Abstract
In rapidly growing bacteria initiation of DNA replication occurs at intervals shorter than the time required for completing genome duplication, leading to overlapping rounds of replication. We propose a mathematical model of DNA replication defined by the periodicity of replication initiation. Our model predicts that a steeper gradient of the replication profile is to be expected in origin proximal regions due to the overlapping rounds of synthesis. By comparing our model with experimental data from a strain with an additional replication origin, we predict defined alterations to replication parameters: (i) a reduced fork velocity when there were twice as many forks as normal; (ii) a slower fork speed if forks move in a direction opposite to normal, in line with head-on replication-transcription collisions being a major obstacle for fork progression; (iii) slower cell doubling for a double origin strain compared to wild-type cells; and (iv) potentially an earlier initiation of replication at the ectopic origin than at the natural origin, which, however, does not a˙ect the overall time required to complete synthesis.
Introduction
Eukaryotic DNA replication is highly regulated to ensure that replication origins are activated only once during each synthesis phase (Blow and Gillespie, 2008). In contrast, bacteria can, under favorable conditions, increase their growth rate by permitting overlapping rounds of replication (Nordstrom and Dasgupta, 2006). Concurrent rounds of replication have also been shown to occur in some archaea with multiple replication origins (Hawkins et al, 2013). The majority of bacteria, including Escherichia coli, have one circular chromosome and a single replication origin, termed oriC (Duggin et al, 2008; Rocha, 2008). Two replication forks are recruited at oriC and proceed bidirectionally until they meet in an area opposite the origin. This area is flanked by multiple ter sites, which, if the Tus terminator protein is bound, forms a replication fork trap that allows forks to enter but not to leave (Rocha, 2008). This divides the E. coli chromosome into two defined halves or replichores. Progression of forks within each replichore is not necessarily smooth. Replication forks may be blocked or displaced from the chromosome when they encounter obstacles such as DNA lesions, proteins bound to DNA or transcribing RNA polymerase complexes. The majority of highly transcribed genes are oriented co-directionally with replication fork movement, indicating that head-on collisions of replication and transcription complexes might be particularly problematic (Brewer, 1988; McLean et al, 1998; McGlynn et al, 2012).
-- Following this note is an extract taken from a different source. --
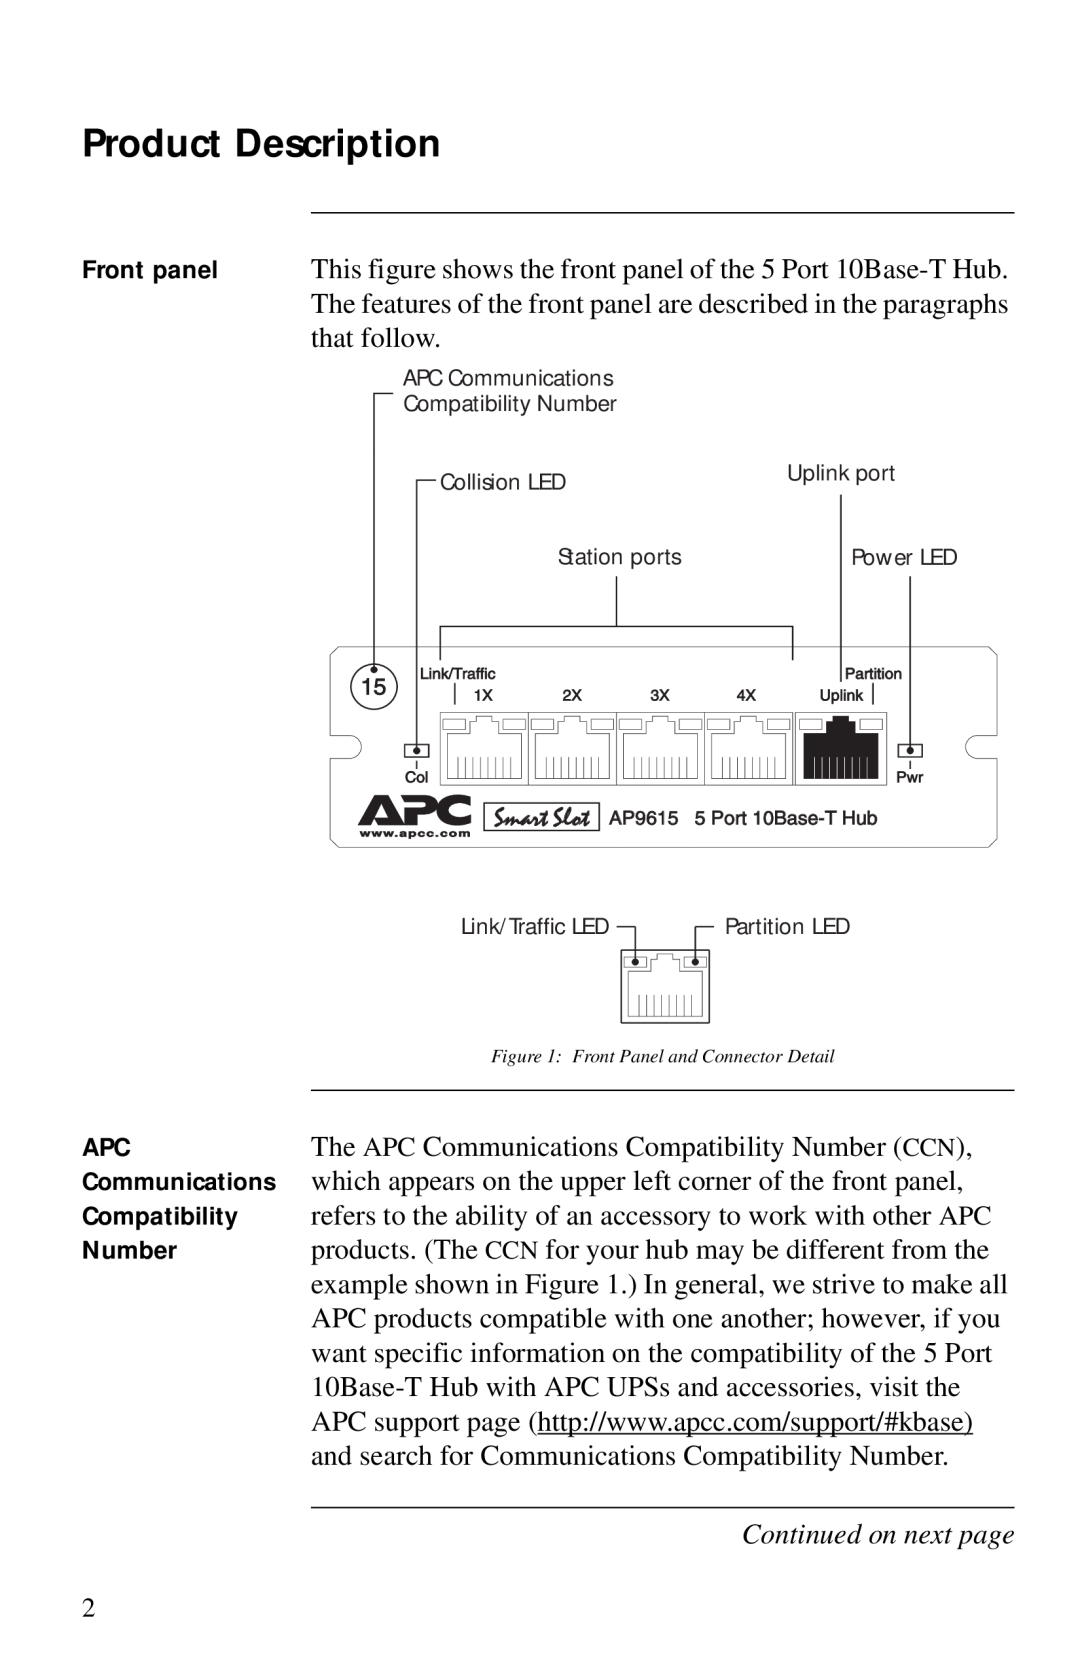 American Power Conversion AP9615 manual Product Description, Continued on next page 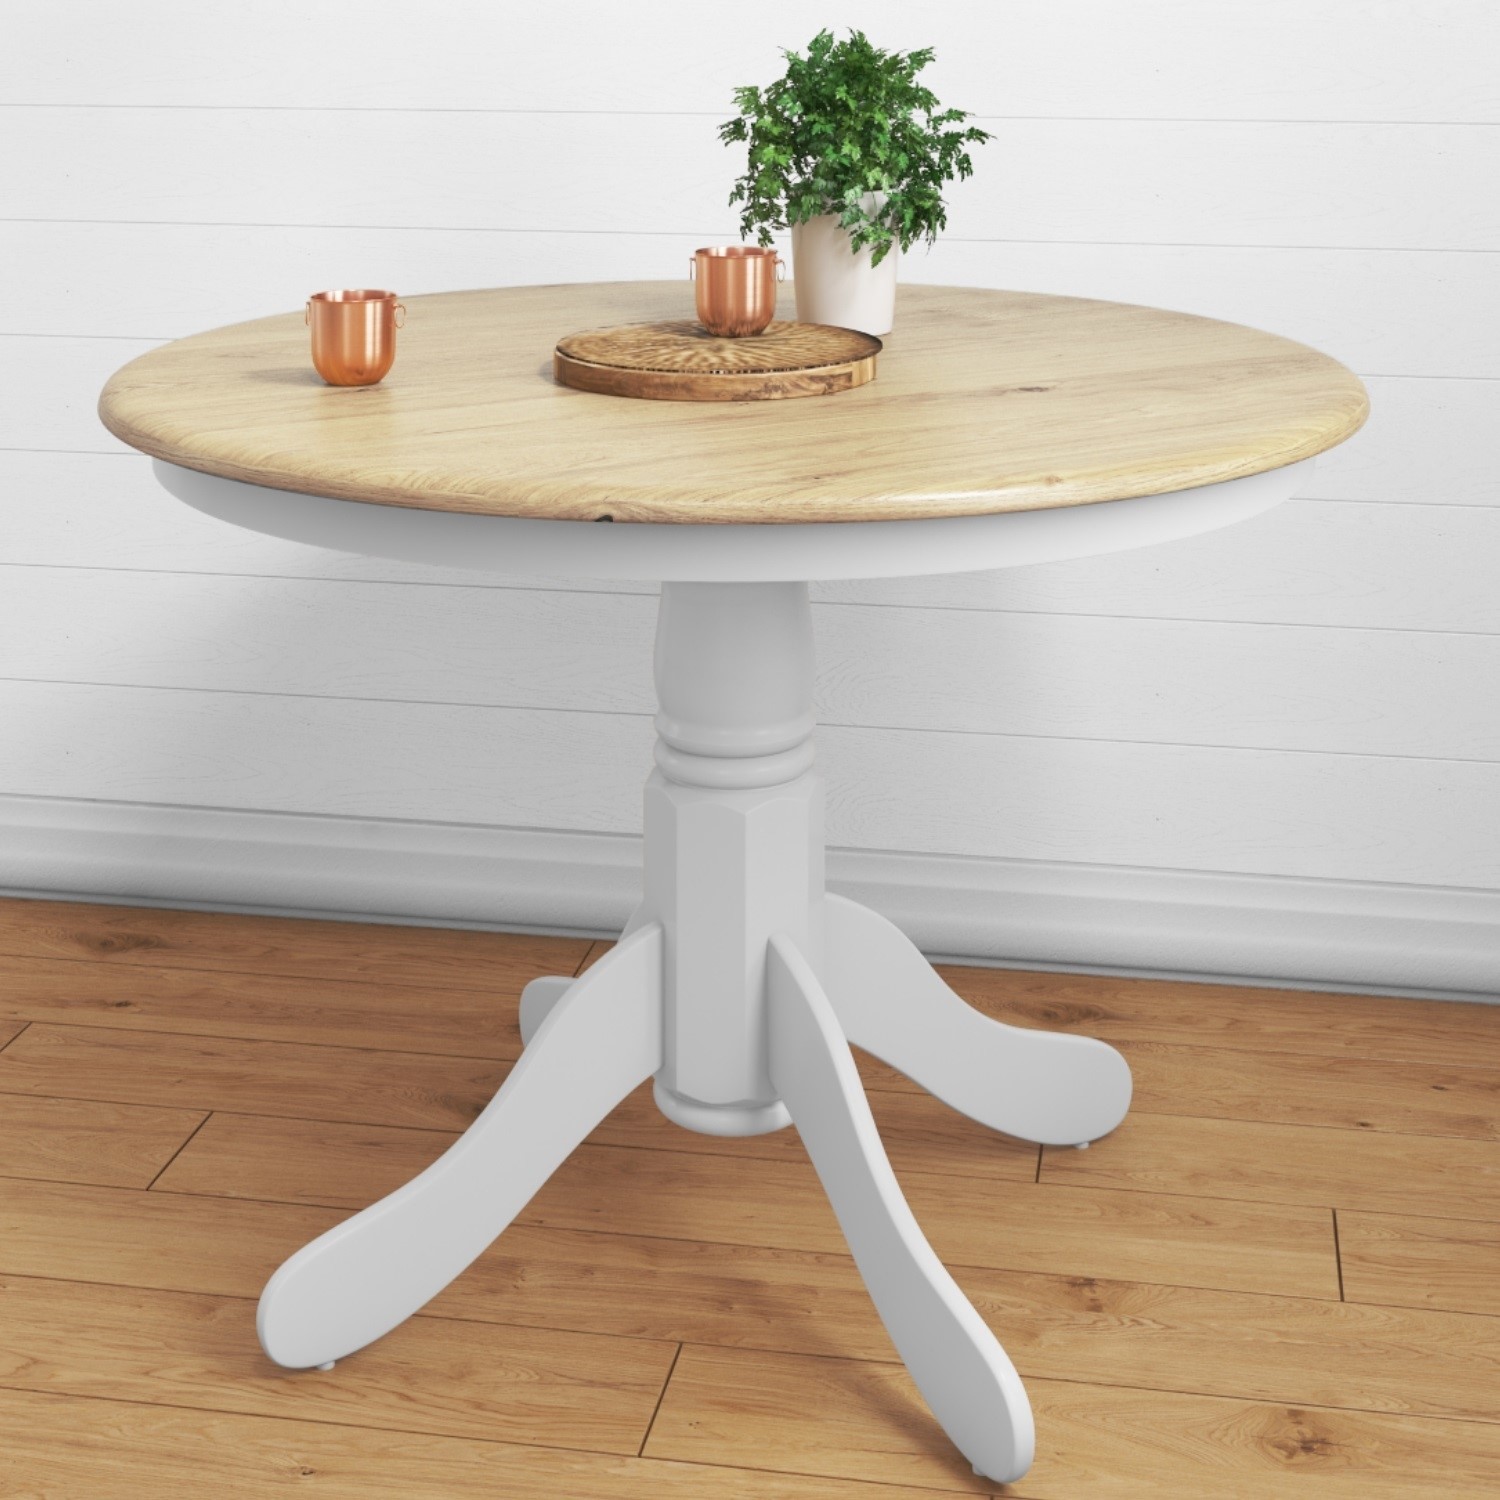 Round Pedestal Dining Table In White With Wood Top Seats 4 Rhode Island Furniture123

Cells undergoing rapid growth may initiate multiple, concurrent rounds of DNA replication such that each cell may contain two or more origins at the time when septation is complete (Fig 1A). This allows cells to grow with a doubling time less than that required to copy the whole genome (Nordstrom and Dasgupta, 2006). The relative replication time of chromosomal loci can be determined experimentally by measuring the locus copy number in replicating cells relative to non-replicating cells; an approach termed marker frequency analysis. Recent technical advances have allowed genome-wide application of marker frequency analysis using microarrays or deep sequencing. Such experimental measures of genome replication can identify deviations from the predicted marker frequency that indicate perturbations to genome replication, such as DNA damage (Sangurdekar et al, 2010), chromosomal fragmentation (Kouzminova and Kuzminov, 2008), regions of variable fork velocity (DeMassy et al, 1987; Srivatsan et al, 2010), chromosomal rearrangements (Skovgaard et al, 2011), or pathological consequences of replication termination (Rudolph et al, 2013). However, in order to fully analyse the consequences of changes to replication dynamics in cells with distortions of DNA replication, we need a robust understanding of the parameters that define the experimentally obtained replication profiles.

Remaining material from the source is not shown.